REQUIRED ACTION> In the listing that follows, the lines starting at the one containing "Quatre personnes jouent" and ending at the one containing "مغسلة رخام داخل الحمام حوض واحد" are to be returned exactly, both boundary lines included, and no others.

╭─ PROVIDED RECORDS

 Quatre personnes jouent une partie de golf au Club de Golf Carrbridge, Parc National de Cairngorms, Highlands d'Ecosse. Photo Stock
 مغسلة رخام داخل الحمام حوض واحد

╰─
╭─ PROVIDED RECORDS

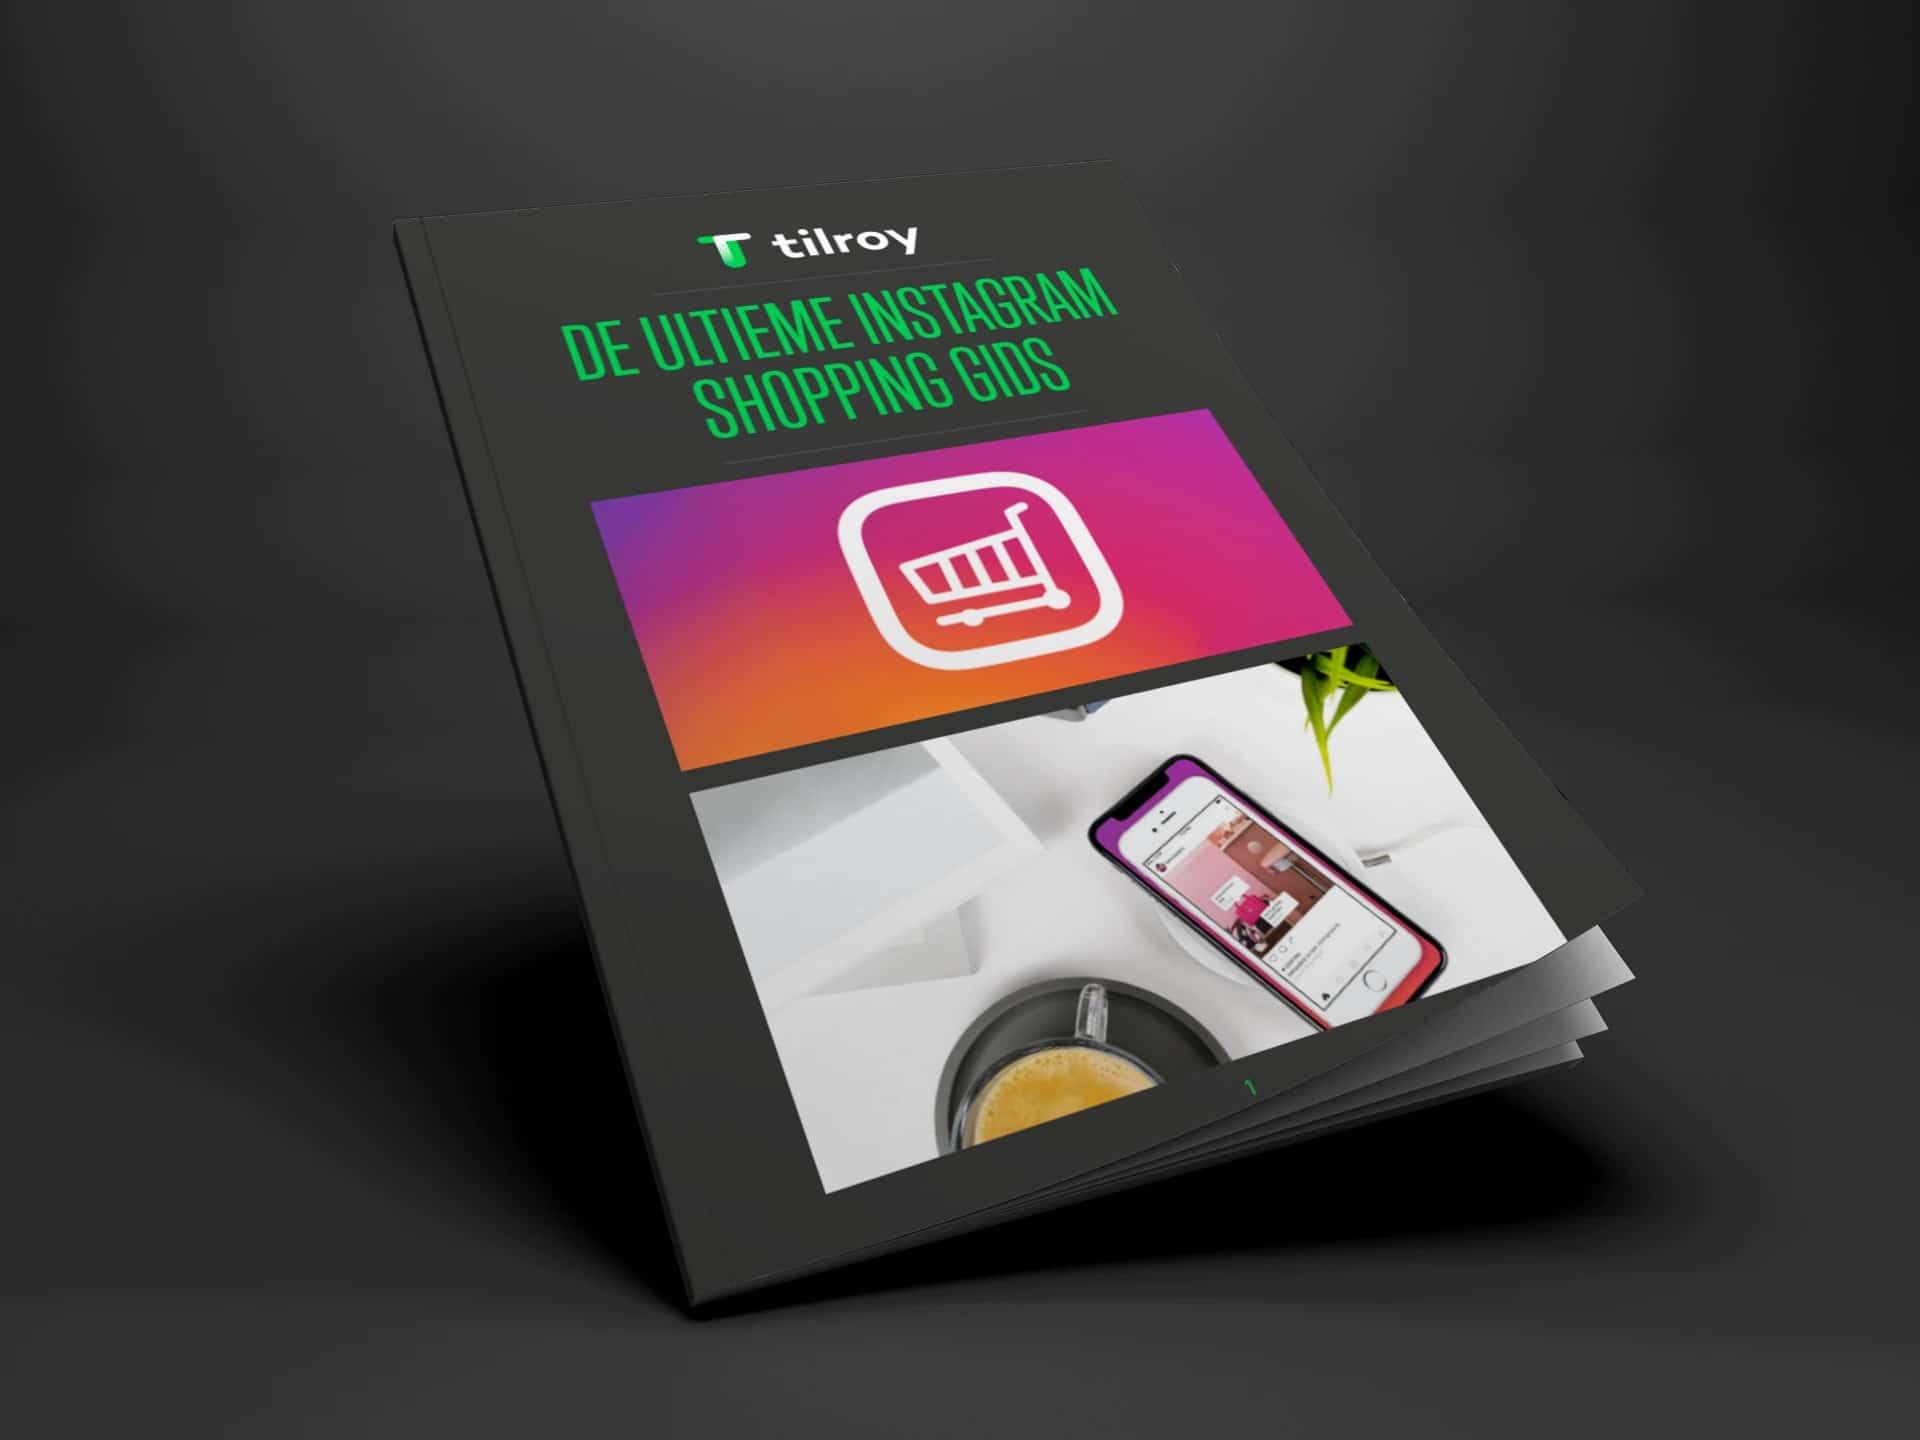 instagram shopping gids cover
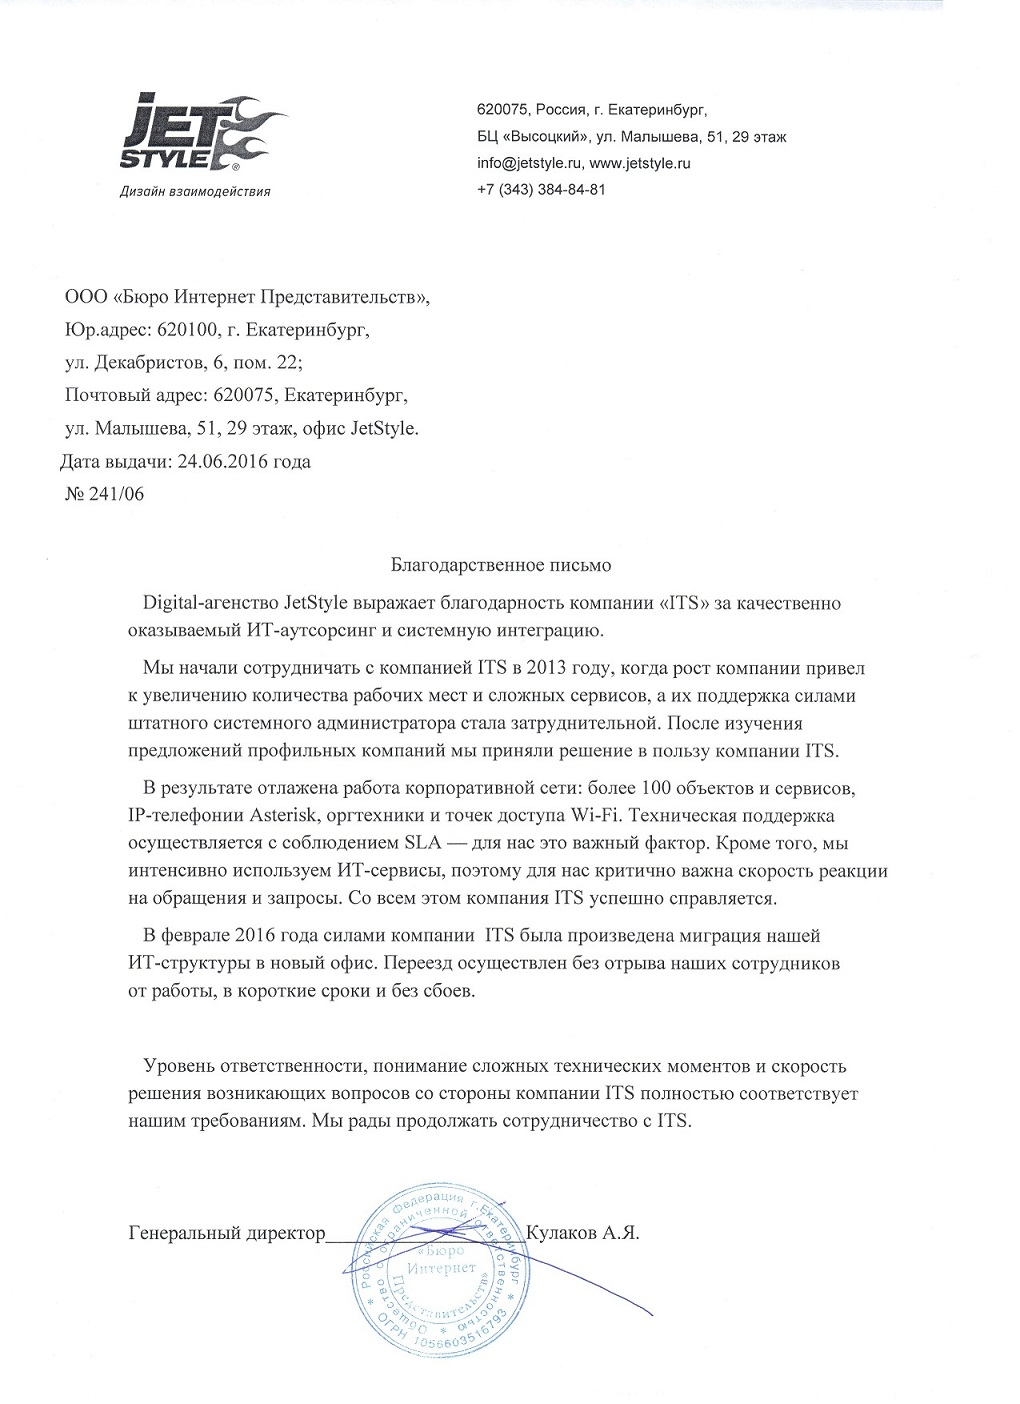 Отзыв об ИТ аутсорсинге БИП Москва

╰─
╭─ PROVIDED RECORDS

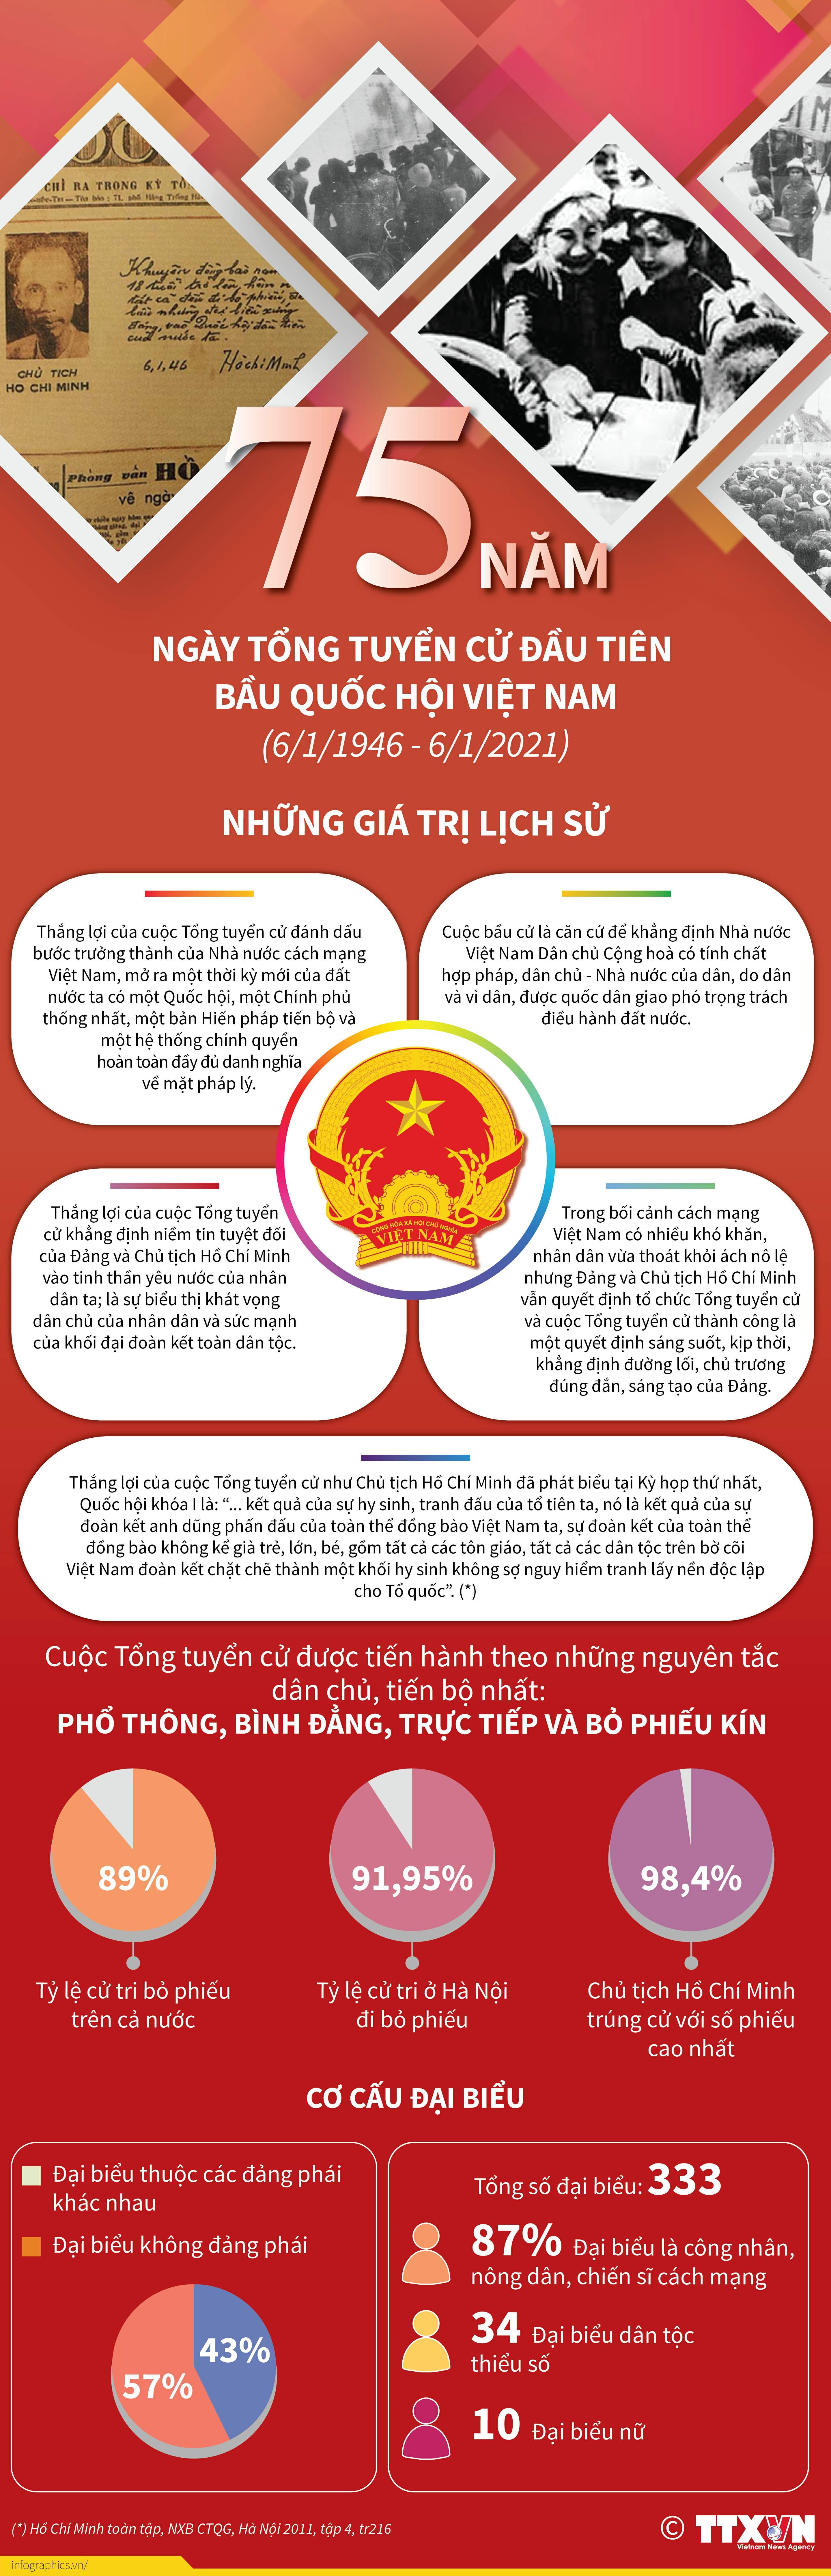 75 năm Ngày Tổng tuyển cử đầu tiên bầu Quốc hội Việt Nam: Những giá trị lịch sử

╰─

OUTPUT FOR THIS EXERCISE>
 Quatre personnes jouent une partie de golf au Club de Golf Carrbridge, Parc National de Cairngorms, Highlands d'Ecosse. Photo Stock
 مغسلة رخام داخل الحمام حوض واحد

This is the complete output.